Killer germs!
• March 14, 2006 | 10:27 AM ET
Now we have to worry about killer germs, too.
First there's bird flu, about which the government has this comforting advice:
In a remarkable speech over the weekend, Secretary of Health and Human Services Michael Leavitt recommended that Americans start storing canned tuna and powdered milk under their beds as the prospect of a deadly bird flu outbreak approaches the United States.
Ready or not, here it comes.
At least they're not overselling the government's ability to handle these things. But natural epidemics aren't the only threat. A new article in Technology Review looks at the threat from biological war and biological terrorism. The danger of artificial pathogens looks even more serious than the danger of naturally occurring epidemics. There's more on this subject here.
Eventually, we'll be good enough at responding to these threats that they won't be terribly dangerous. But that will require the development of new antibiotics, powerful antiviral drugs, and rapid-response vaccine production techniques. Right now, we're not doing enough to develop these capabilities. But even if avian flu comes to nothing, and the threat of bioterror doesn't materiaize any time soon, the odds are that some nasty bug wil appear in the not too distant future.

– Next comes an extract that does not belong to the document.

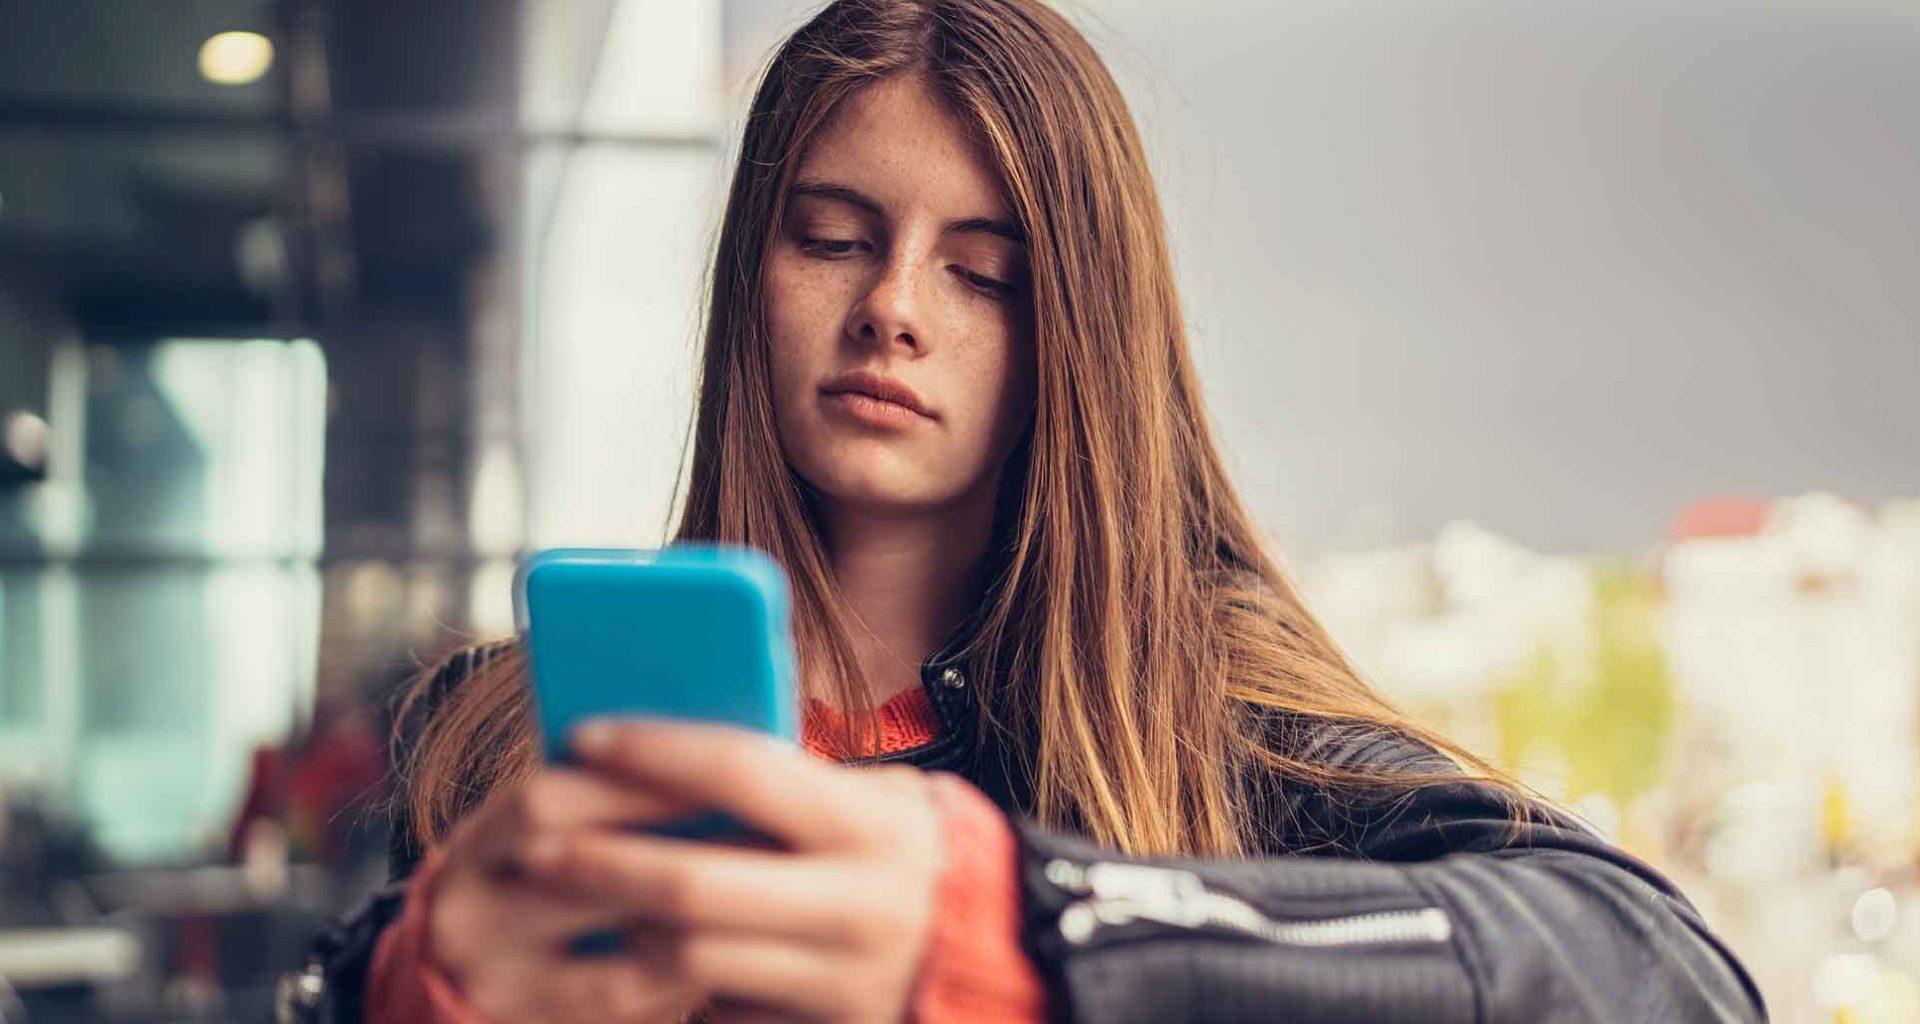 Warum teilt man tiefgründige Zitatbilder auf Social Media?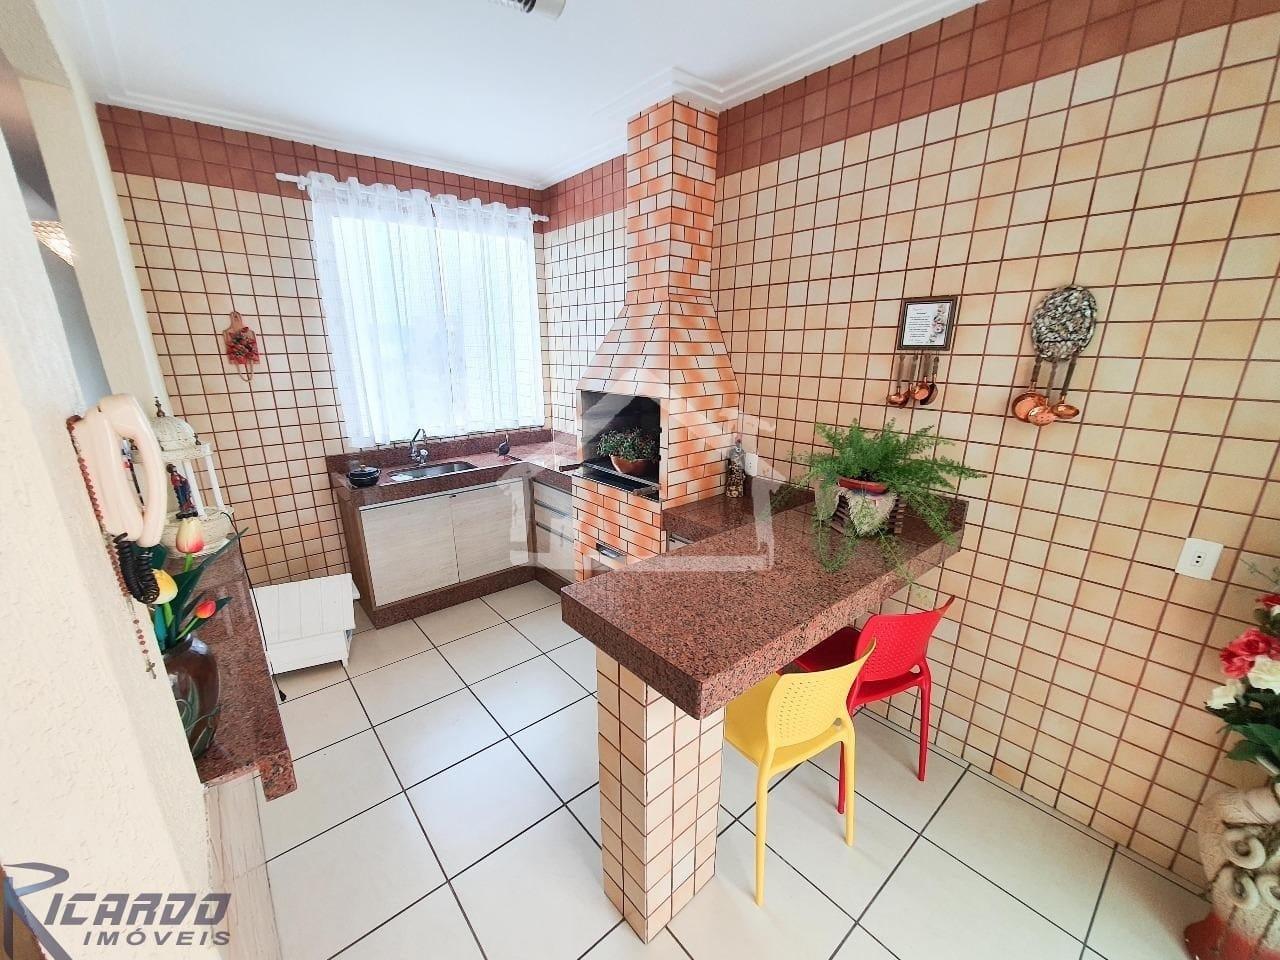 https://static.arboimoveis.com.br/CO0006_LOU/cobertura-a-venda-com-quartos-horto-ipatinga-mg1628488619073skfcy.jpg

And when it does, we'll wish we were ready -- in a way that goes beyond canned tuna.
• March 13, 2006 | 12:54 PM ET
Global agsdhfgdf on Islam?
As we look at the war on terror, which the Bush Administration has finally admitted is actually a global war on fundamentalist Islamic terror, two things are happening. Bush is dropping in the polls. But so is Islam.
Jim Geraghty, who blogs from Turkey, worries that we're past a "tipping point" in the West, with many people giving up on the notion of winning over "moderate" Muslims and coming to the conclusion that it's not a problem with Islam, but that Islam is the problem. He writes:
A big part of the war on terror/post-9/11 war on militant Islamism is a religious war; it's militant Islam vs. everybody else. It's more accurately, a war within a religion. Put simply, the world's one billion or so Muslims have to decide which side accurately represents their faith.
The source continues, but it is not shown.